Compiler optimizations are alterations made to code by a compiler to achieve the same result as the original input code but with improved performance. This can mean reduced code size, reduced execution size, or improved execution speed; often, these goals are in conflict and optimizing for one (such as speed) will come at the cost of another (such as code size).
As programmers, understanding the optimizations performed by our tools enables us to trust the tools to transform code that is readable and logical to our way of thinking into code that performs well. It also enables us to focus our manual optimization efforts where they will have the most impact, such as on algorithm selection and data representation/variable type selection.
GCC offers a large number of optimization options, most of which can be controlled in combination using the -O
flag. This option accepts a value from 0 (no optimization) through 3 (highest optimization), s (optimize for size), fast (optimize for speed only), or g (optimize for debugging experience - avoid optimizations which convolute debugging).
The -O
actually selects a set of features. These features may also be individually selected using the -f
flag, followed by the feature name; for example, -funroll_loops
enables the unrolling of loops (note: other features also affect loop unrolling). To disable a feature, use the -f
flag followed by no-
and the feature name; for example, -fno-unroll-loops
turns off loop unrolling.
To see the individual features enabled by a particular -O
flag, or combination of -O
and feature flags, use the -Q –help=optimizers
flags, which will query the optimization feature list. For example, to see all of the optimizations enabled/disabled at -O2
, use this command:
gcc -O2 -Q –help=optimizers
The GCC documentation – both the man page and even more so the online manuals – have good information about the 200+ optimization features of the GCC compilers.

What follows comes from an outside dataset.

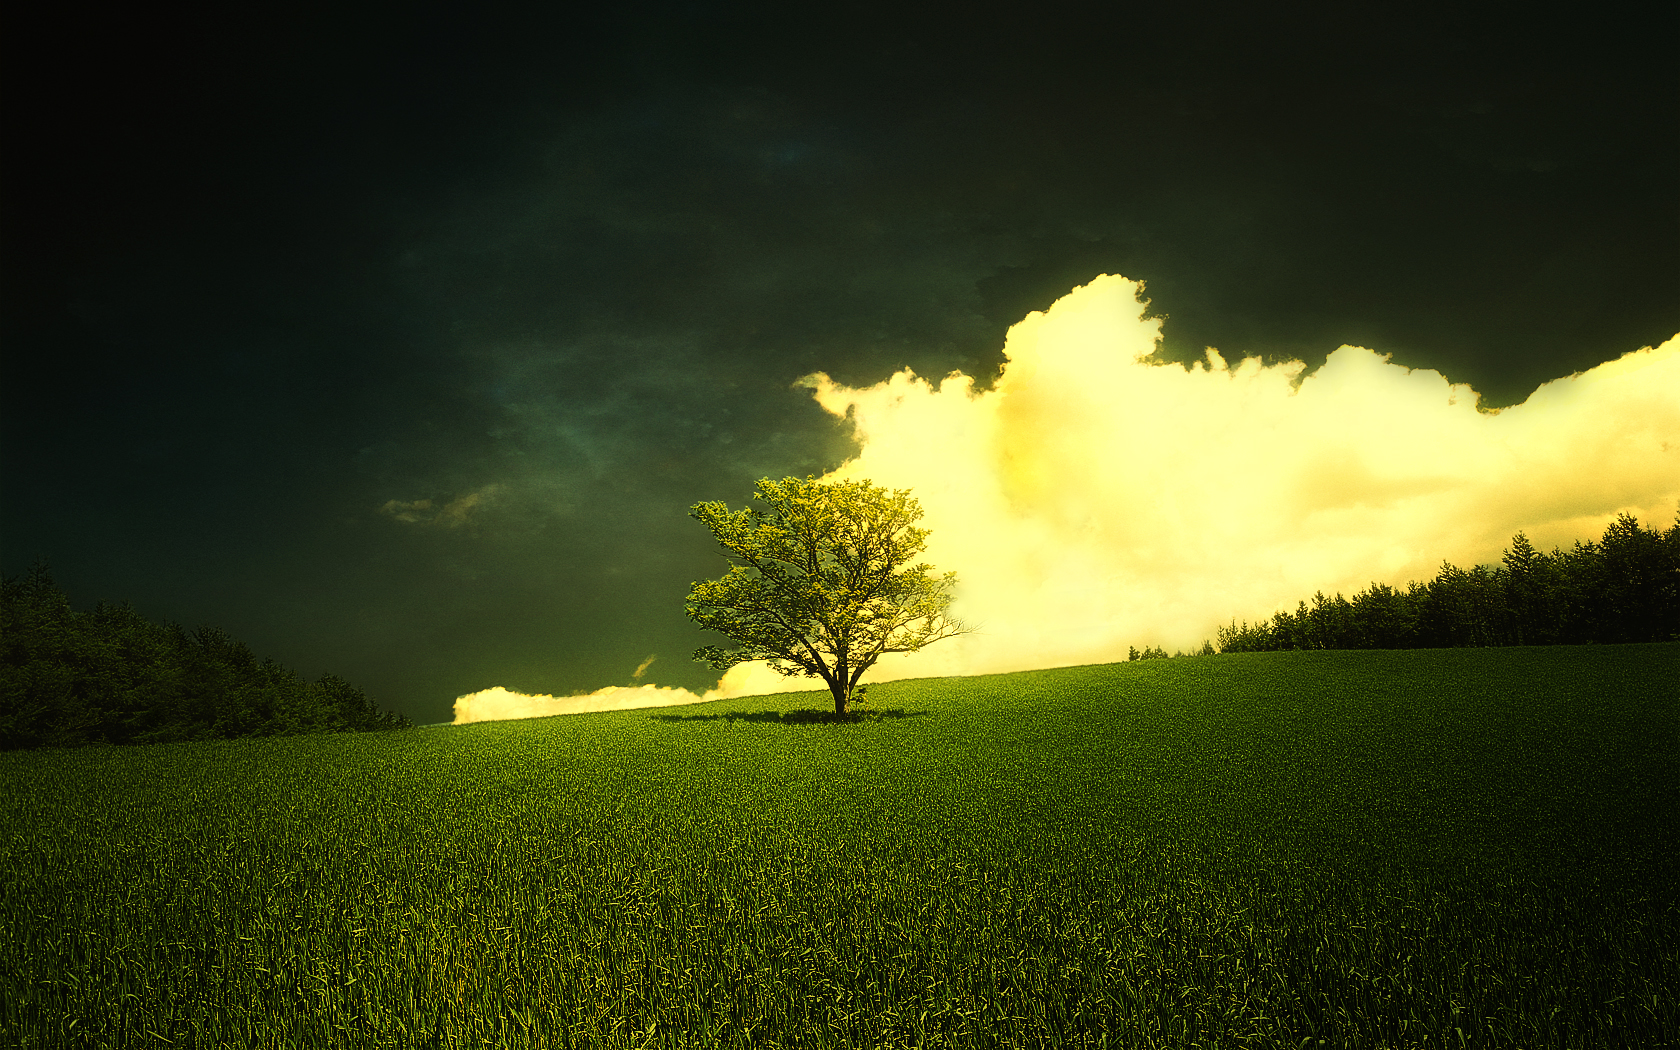 Sfondi hd natura paesaggio bucolico sfondi hd gratis for Sfondi hd gratis
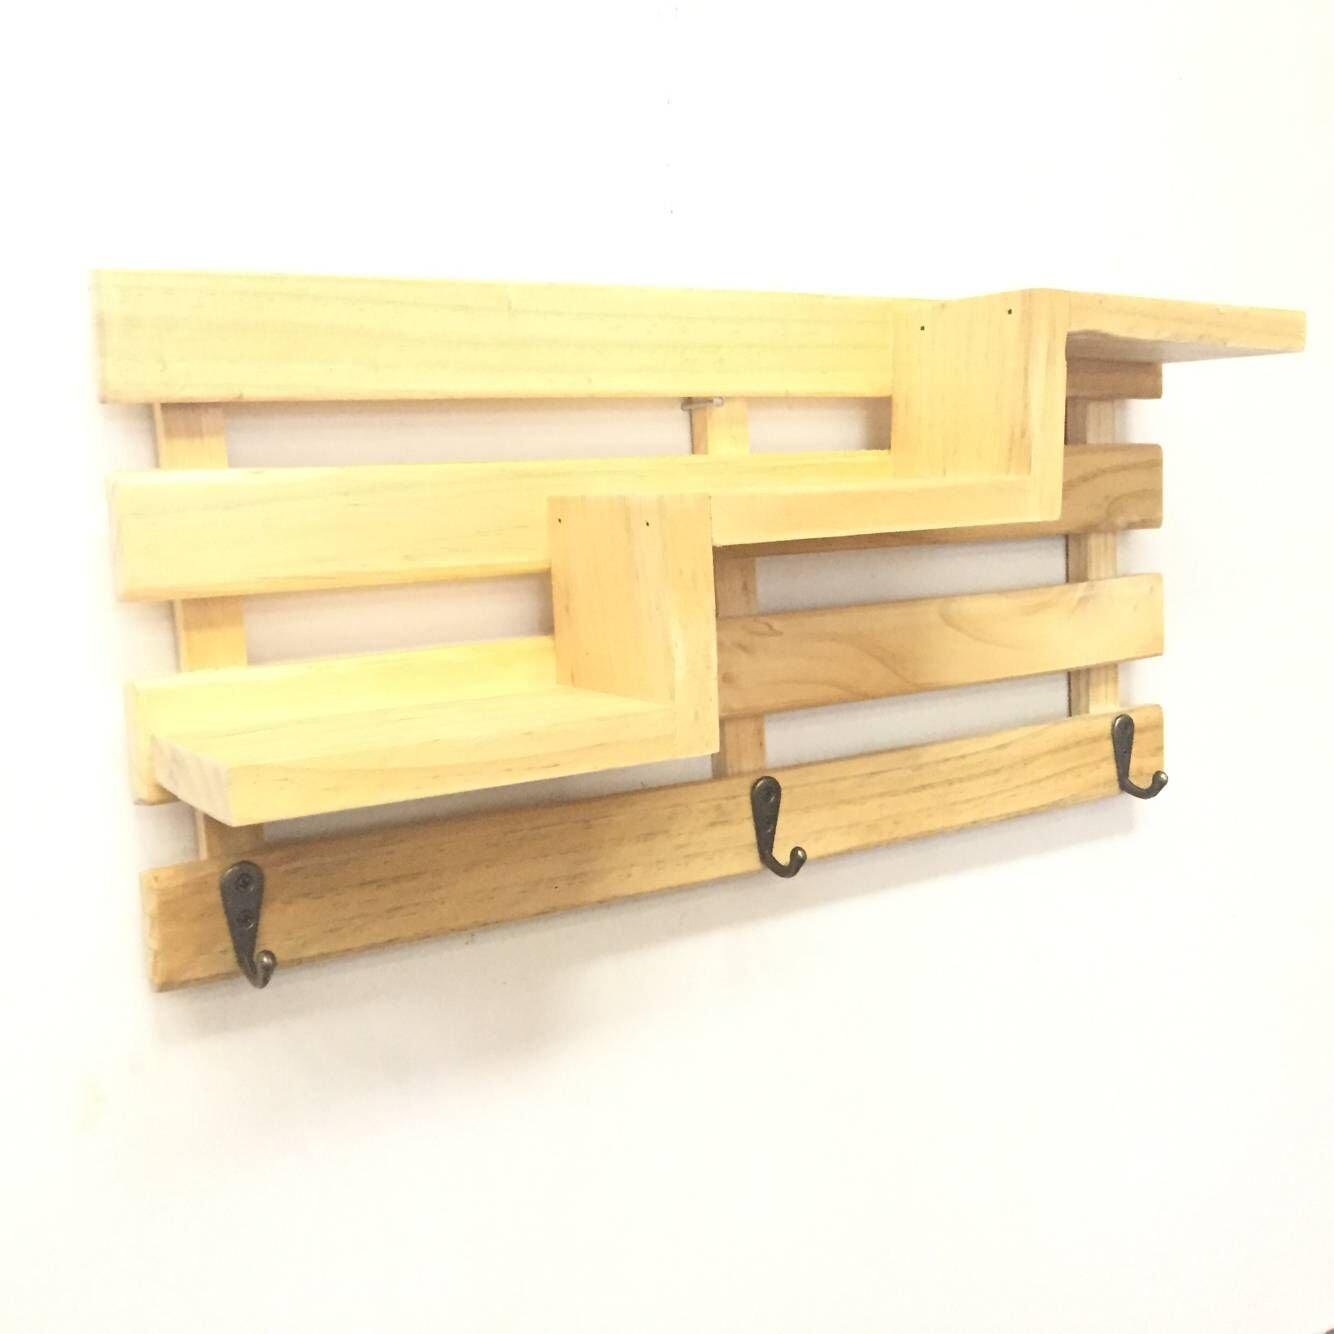 Amazon.com: Rustic Key Holder Rustic Wall Decor, Natural Wood Key ...

LLVM can perform an extensive set of analysis and transform operations (optimizations). See the llvm documentation for details.
Here are some common C optimizations. For each optimization, an input code snippet is shown, along with the code showing the equivalent of the optimization.
Important notes:
These optimizations involve rewriting code for performance or space.
Although these examples are shown using rewritten source code, the compiler actually applies these optimizations to an intermediate representation of the program which does not closely resemble the original source.
Some code cannot be reached in order to be executed. For example:
int y=(int) x * 2; if (x % 2 == 0) { printf("This code cannot be reached.\n"); }
This “if” code will be completely eliminated by the compiler because it is “dead code” - it cannot be reached in normal program execution.
Another example of dead code may include stores performed to variables that are never read.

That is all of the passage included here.